Project Memoria

Securing TCP/IP Stacks

Forescout Research Labs launched its Project Memoria initiative in 2020 with the mission of providing the cybersecurity community with the most extensive study to date of TCP/IP stacks security.

Under Project Memoria, Forescout researchers collaborate with industry peers, universities and research institutes to analyze common mistakes associated with vulnerabilities in TCP/IP stacks, identify the threats they pose to the extended enterprise and determine best practices to mitigate the risk.

Impact

97

Vulnerabilities

250000+

Products Affected

81

Public Advisories

422

Impacted Vendors

Project Memoria Concludes

Over the past 18 months we have announced 5 different phases of vulnerability research with a total of 97 vulnerabilities, affecting 14 TCP/IP stacks. This report summarizes the key findings and mitigation steps that organizations can take to protect themselves from the vulnerabilities found.

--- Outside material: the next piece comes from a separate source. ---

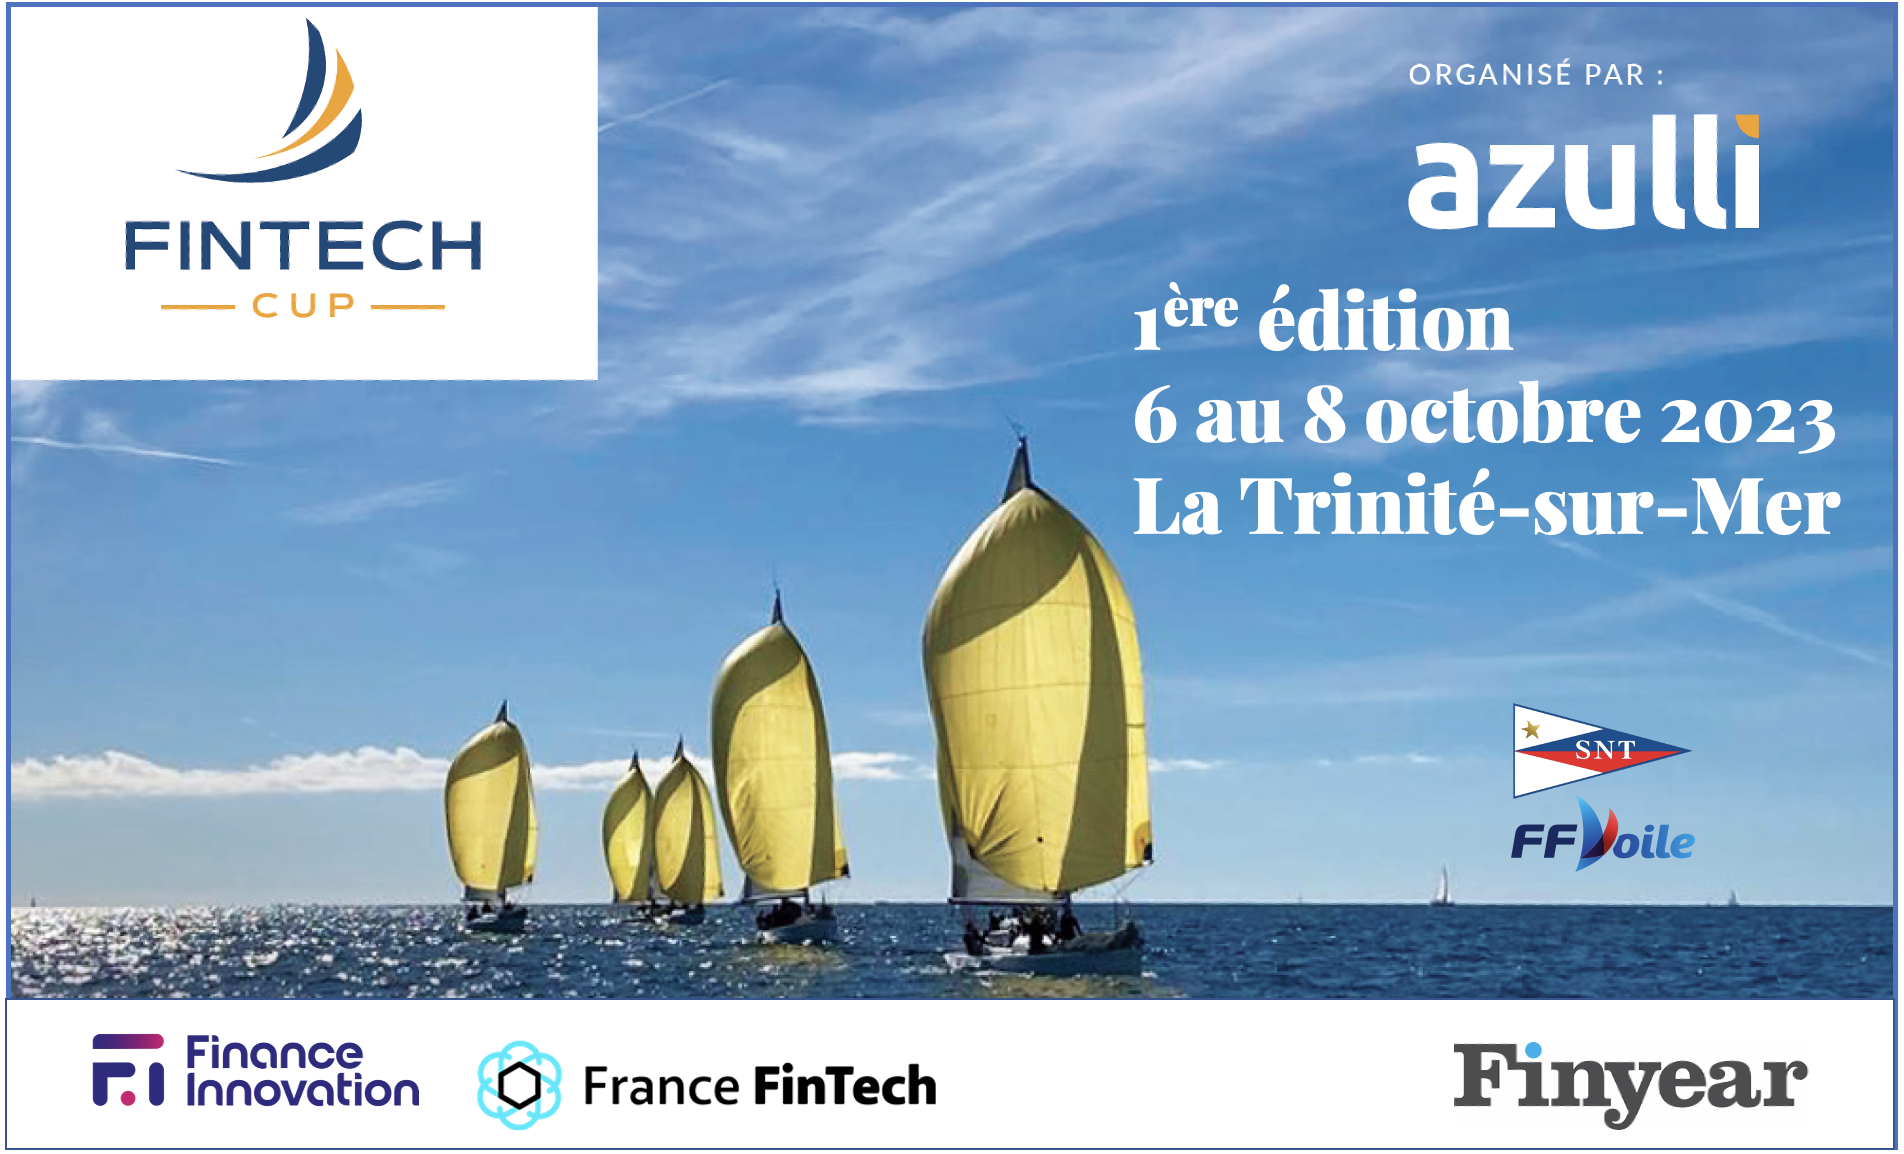 Fintech Cup, la régate des fintechs européennes : coup d'envoi ce 6 octobre

Concluding Project Memoria does not mean that our work is done, either for TCP/IP stacks or other foundational components of the connected device ecosystem. As we did in previous studies, we invite other researchers and device vendors to continue this work and collaborate with us in future research.

AMNESIA:33

AMNESIA:33, the first study under Project Memoria, published December 8, 2020. AMNESIA:33 is a set of 33 new memory-corrupting vulnerabilities impacting millions of IoT, OT and IT devices that present an immediate risk for organizations worldwide.

NUMBER:JACK

NUMBER:JACK, Project Memoria’s second study, published February 10, 2021. It disclosed nine vulnerabilities in multiple TCP/IP stacks that can improperly generate ISNs (Initial Sequence Numbers) within TCP connections, leaving a device’s TCP connections open to attacks.

NAME:WRECK

NAME:WRECK is a collaborative study published by Forescout Research Labs and JSOF on April 13, 2021. It discloses nine vulnerabilities affecting four popular TCP/IP stacks used in millions of IoT, OT and IT devices and allows for Denial of Service or Remote Code Execution.

INFRA:HALT

Forescout Research Labs and JFrog Security Research discovered 14 new vulnerabilities affecting closed source TCP/IP stack NicheStack. The report, published on August 4, 2021, describes how the vulnerabilities allow for Denial of Service or Remote Code Execution primarily affecting operational technology (OT) and industrial control system (ICS) devices.

NUCLEUS:13

Forescout Research Labs, with support from Medigate Labs, have discovered a set of 13 new vulnerabilities affecting the Nucleus TCP/IP stack, which we are collectively calling NUCLEUS:13. The report, published on November 9, 2021, outlines how the new vulnerabilities allow for remote code execution, denial of service, and information leak. Nucleus is used in safety-critical devices, such as anesthesia machines, patient monitors and others in healthcare.